Return the material below exactly, but only from the line with "COE Dean's Blog" through the line with "Glenoe Wasserfall in", and without its pictures.

● Input material:
= Beginning of Section =

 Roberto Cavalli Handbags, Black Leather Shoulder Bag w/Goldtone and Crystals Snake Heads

= End of Section =
= Beginning of Section =

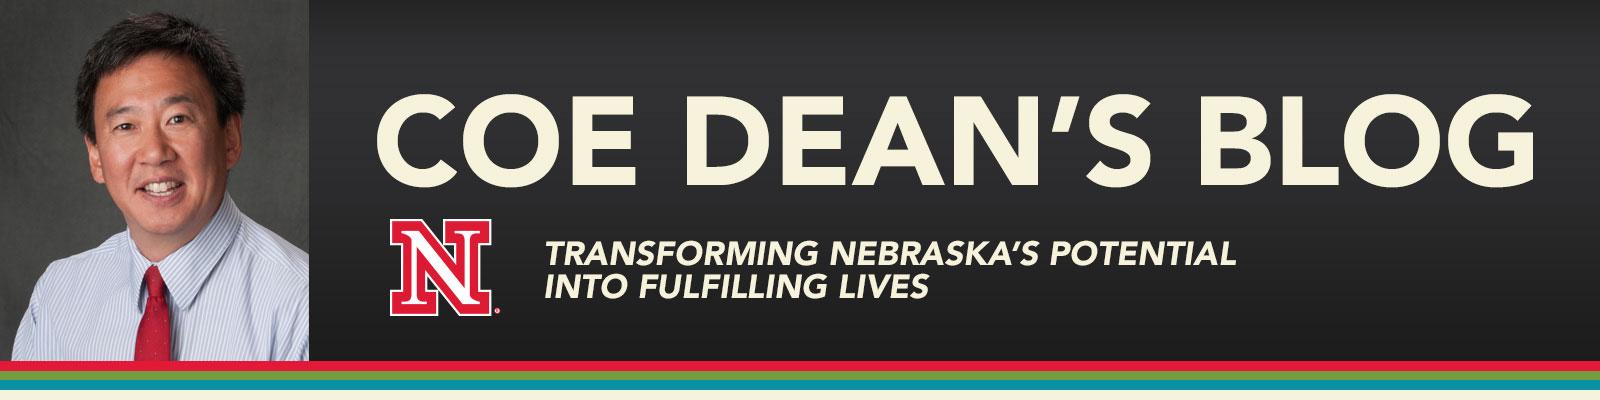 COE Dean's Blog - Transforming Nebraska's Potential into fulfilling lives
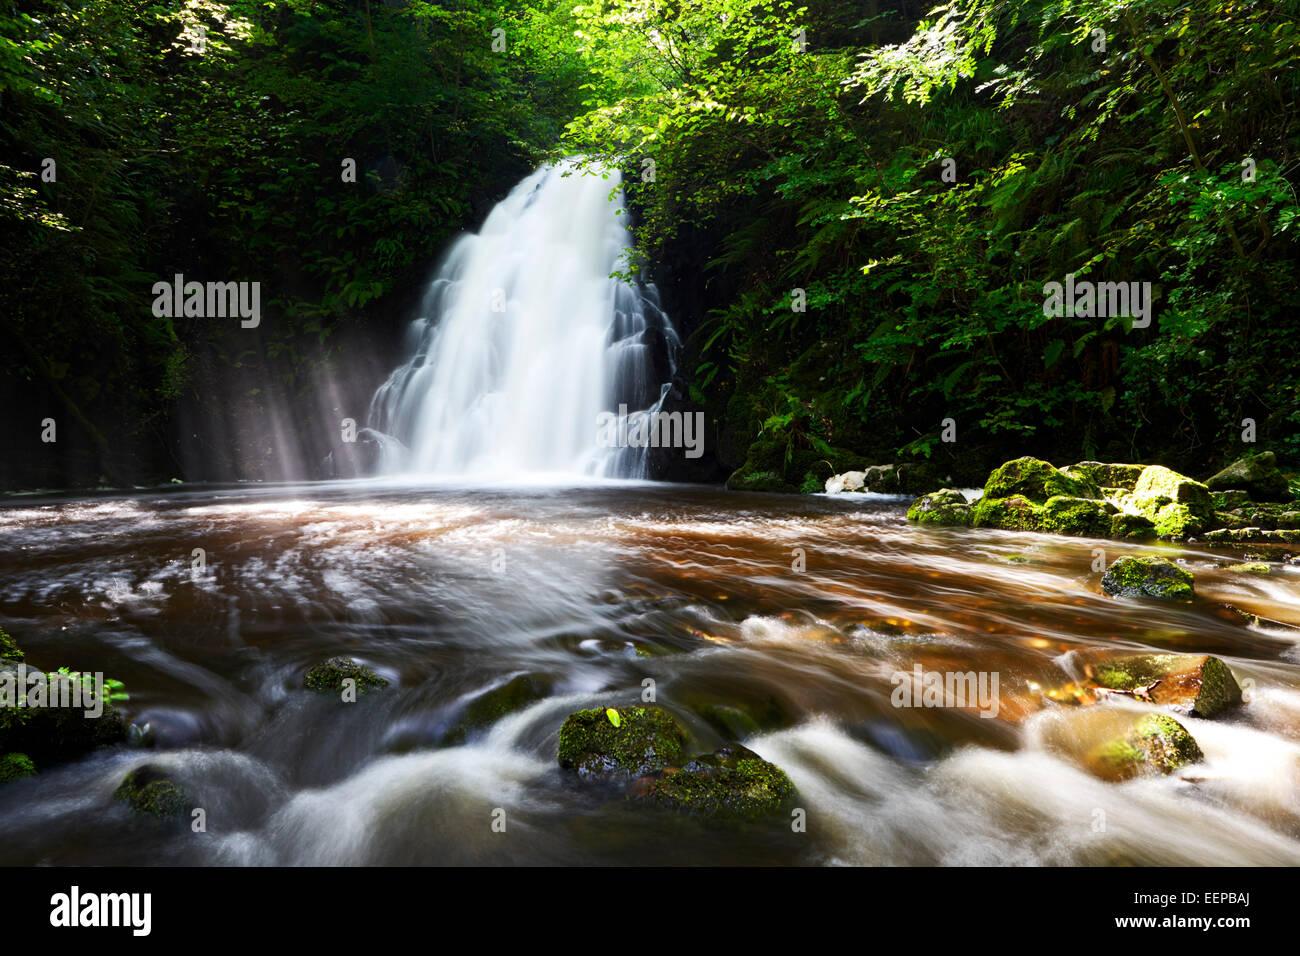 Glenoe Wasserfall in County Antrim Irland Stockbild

= End of Section =

● Solved exercise:
 COE Dean's Blog - Transforming Nebraska's Potential into fulfilling lives
 Glenoe Wasserfall in County Antrim Irland Stockbild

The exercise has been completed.